CITY OF BERKELEY LANDMARK designated in 1998 SITE OF JOHN HINKEL LIVERY STABLE BERKELEY FARM CREAMERY COMPLEX 1900 F.E. Armstrong, Contractor, 1910 By 1900, downtown Berkeley had developed around ...

CITY OF BERKELEY LANDMARK 
designated in 1998 
SITE OF JOHN HINKEL LIVERY STABLE

BERKELEY FARM CREAMERY COMPLEX 
1900 
F.E. Armstrong, Contractor, 1910

By 1900, downtown Berkeley had developed around Shattuck Avenue, its main street. On this site,
owned by John Hinkel, stood a brick livery stable run by John Fitzpatrick, the early operator of the Ocean View
Trolley. In an era of horse-drawn transportation, the centrally located livery stable was advertised to “Furnish
at all the hours Hacks, Carriages and Coupes.” The stable had 16-foot-high brick walls and an arched entry.

 

A complex of shops and a warehouse were later built around the stable. In 1910, the Berkeley Farm
Creamery (not to be confused with Berkeley Farms of south Berkeley) occupied the site.
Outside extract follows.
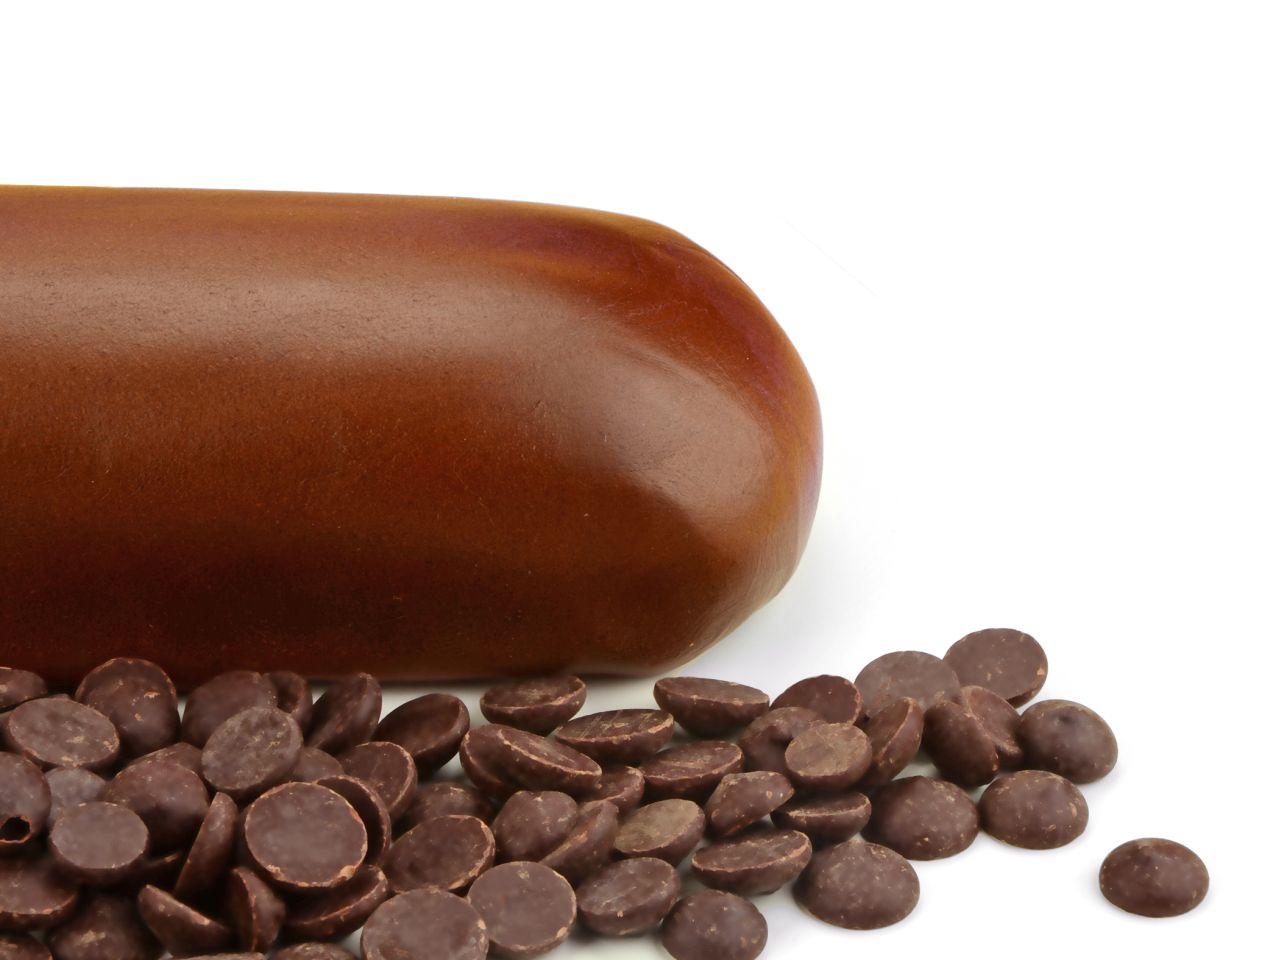 Schokoladen-Rollfondant, mit echter Kuvertüre, Braun, sahnetauglich, 250 g

The
creamery sold dairy products from nearby farms, including the Such Ranch in Strawberry
Canyon. Berkeley’s Red Cross, the first on the West Coast (organized in 1898 to aid in
the Spanish-American War), purchased the site in 1936 for its headquarters. Although
most of the complex was demolished in 1998, segments of the 1910 brick
warehouse remained on the adjacent site.